The last idea is a cheat. It is pretty hard to decide which one is greater: 99 or 70sqrt(2). In other words, it is pretty hard to sort the “a + sqrt(b)” values in ascending order. It is too hard, so we don’t do it. **The fourth idea, that we use the sqrt(2) = 1.5 approximation.** It solves two problem: first, it makes the sorting trivial, second, there are no floating point values, we don’t need to struggle floating point numbers, it makes the whole algorithm faster. It causes about a 6,4 percent error, but personally I can live with that. (Actually I can live with much worse things.)

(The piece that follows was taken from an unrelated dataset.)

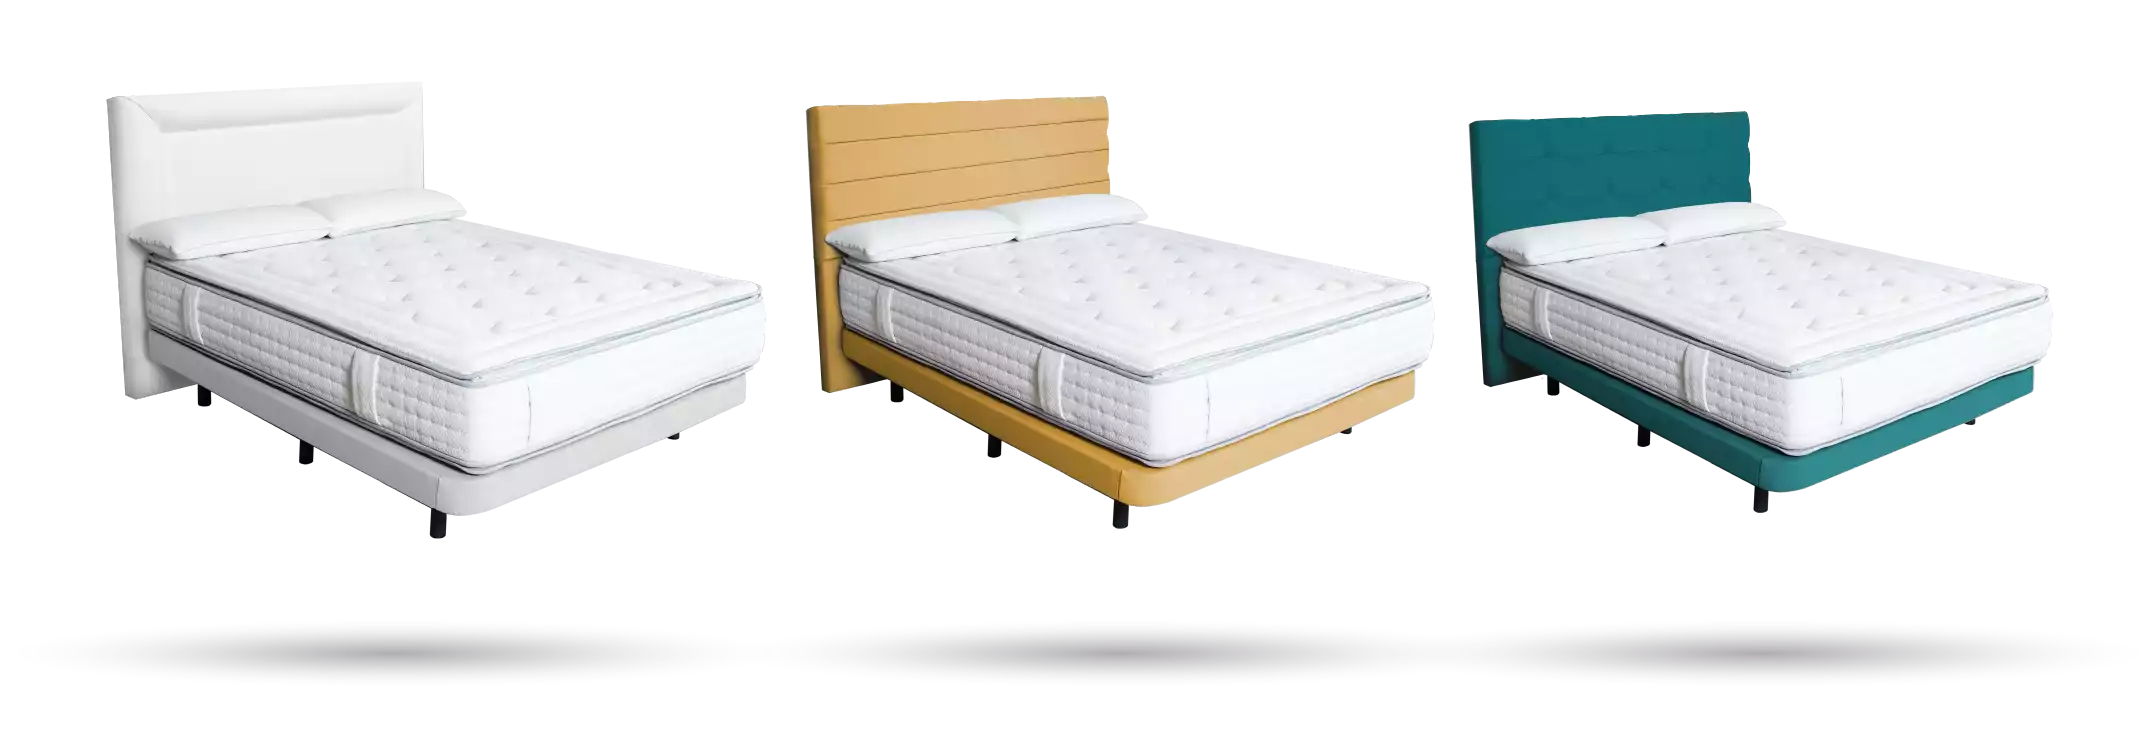 Cabeceros acolchados para camas
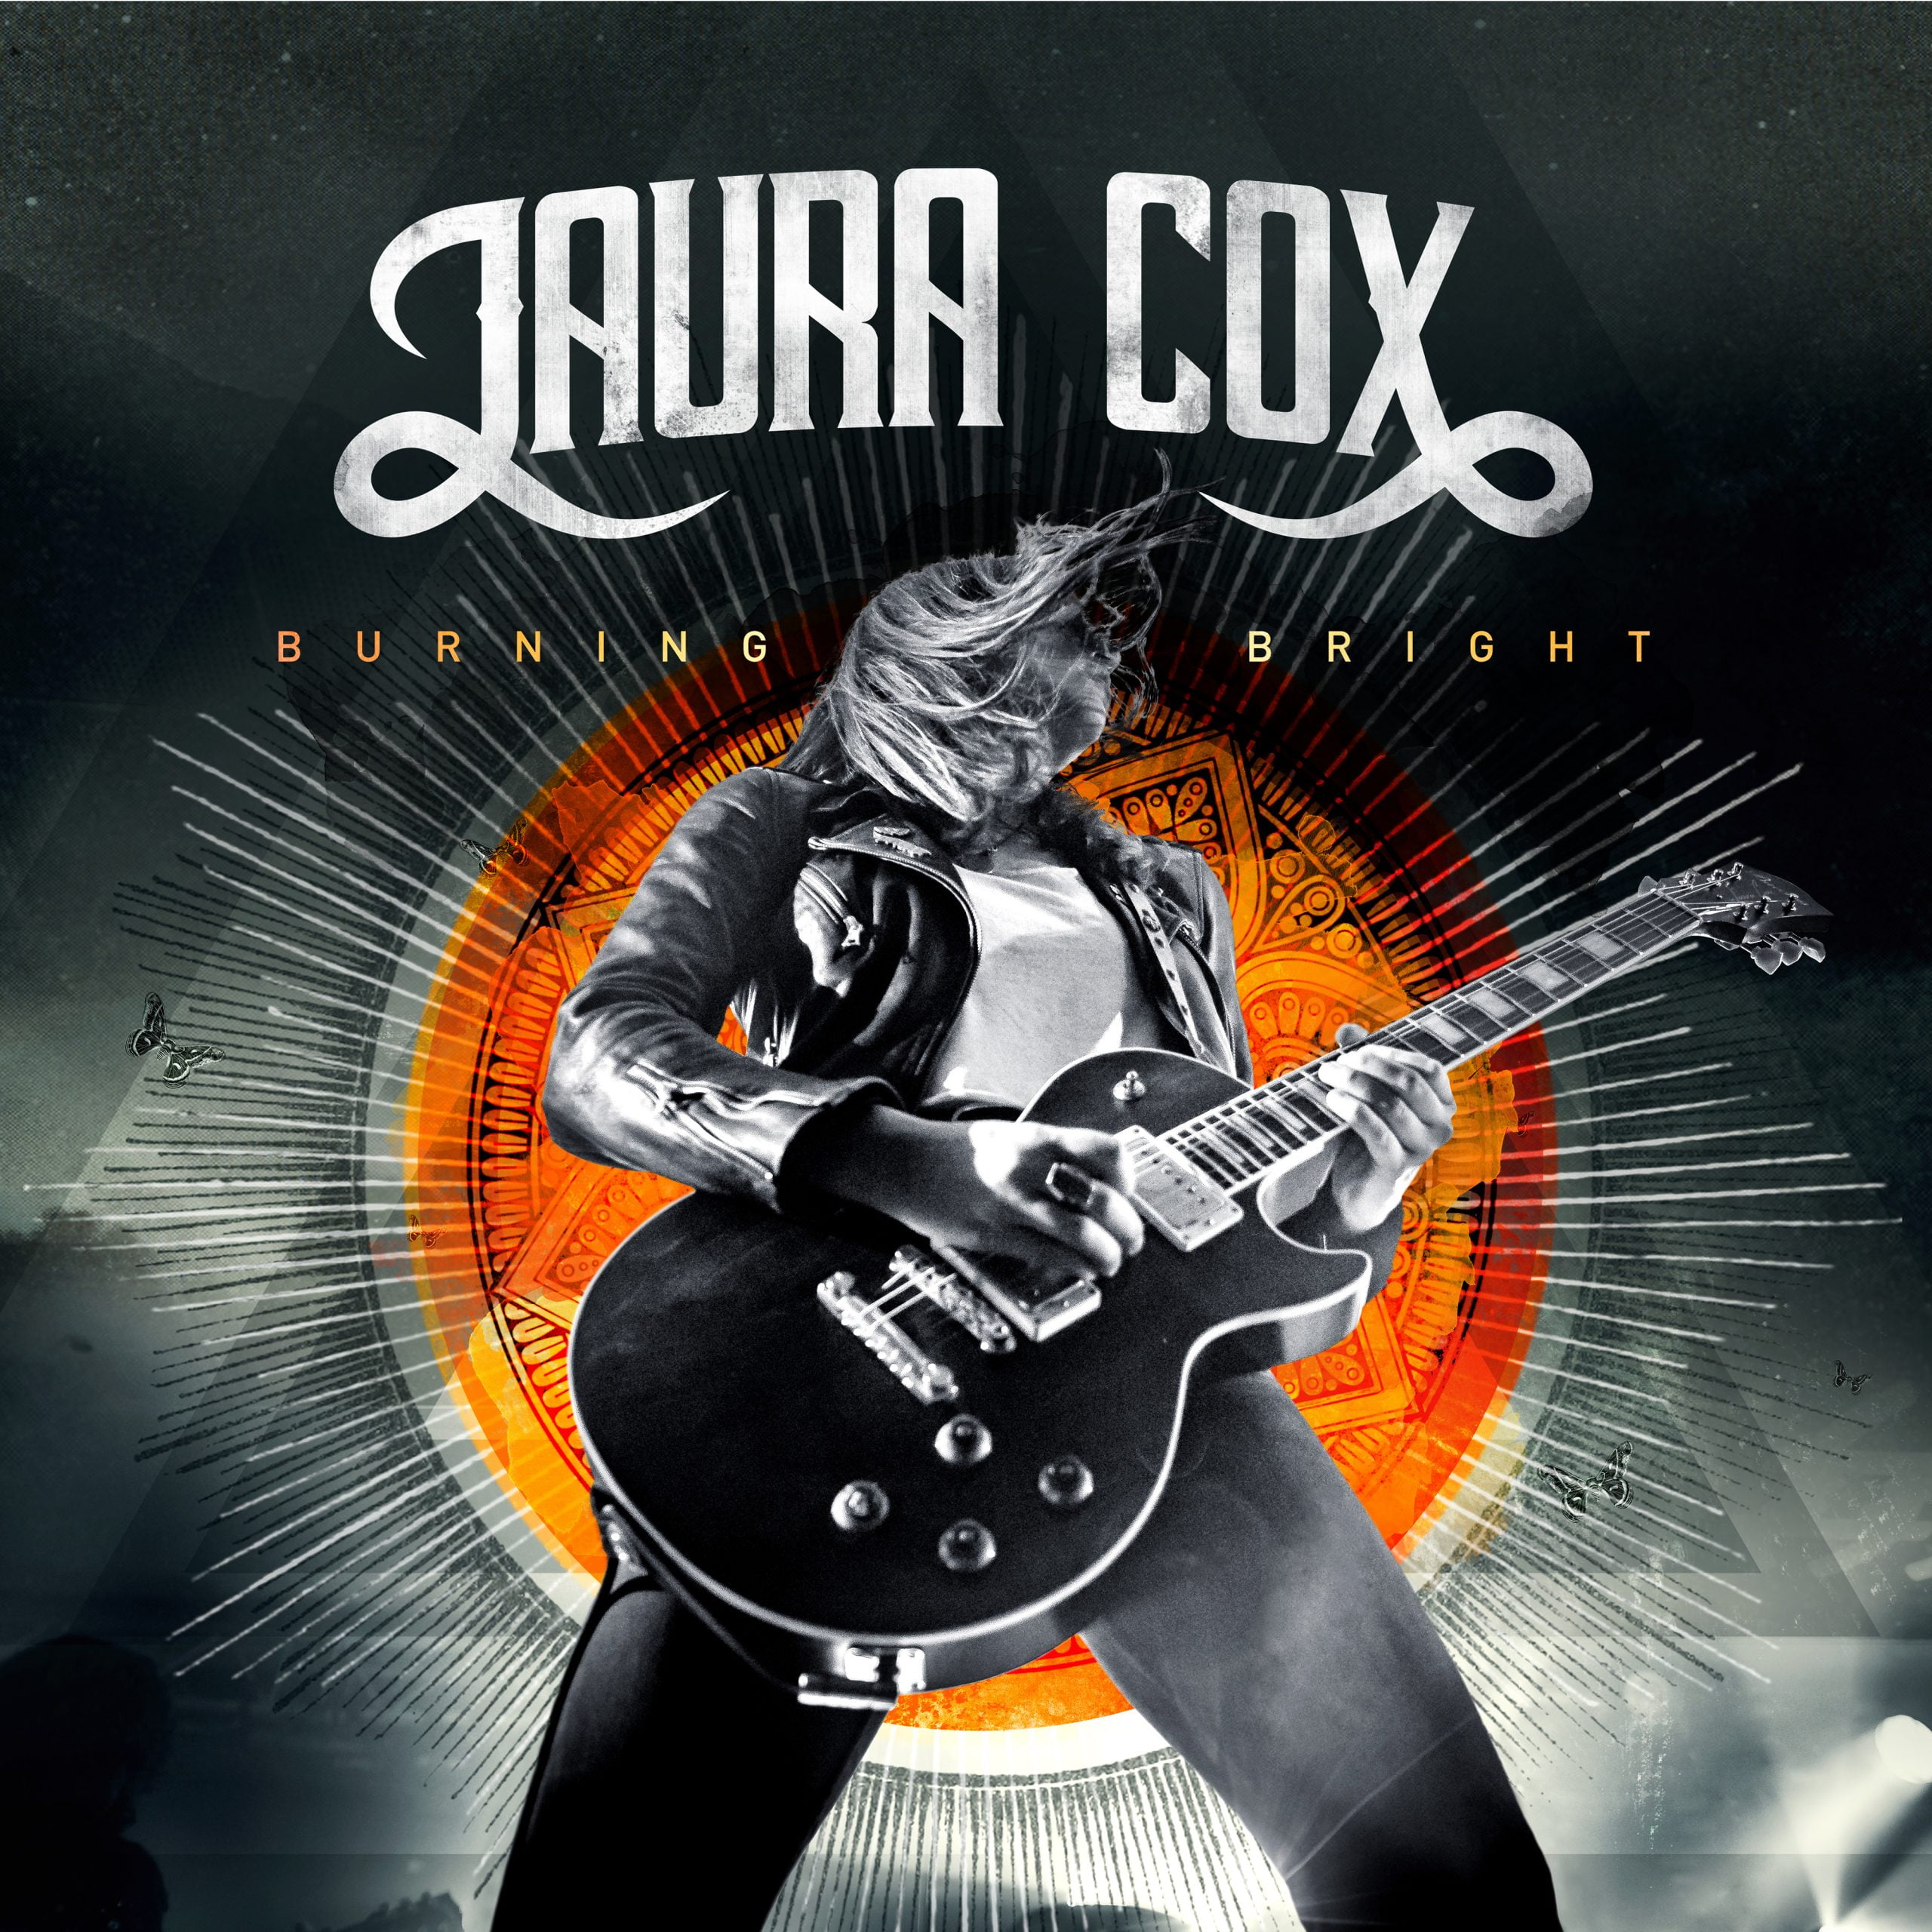 Brasov Jazz & Blues Festival | LAURA COX. She will... Rock you!

With these four ideas we can construct a nice O(n) algorithm to (approximately) solve the Treasure Island Problem. I could describe the whole algorithm step by step, but I don’t do it. I just insert here a picture, because a picture worth a thousand words. It shows the first steps of the algorithm which is performed on a small board:

When I will have time, I will attach the C++ implementation of the algorithm. Be patient and thank you for your attention. (A small note: I used the DT in my master’s thesis too. “If you have a hammer, everything looks like a nail.” Sad, but it is also valid for me.)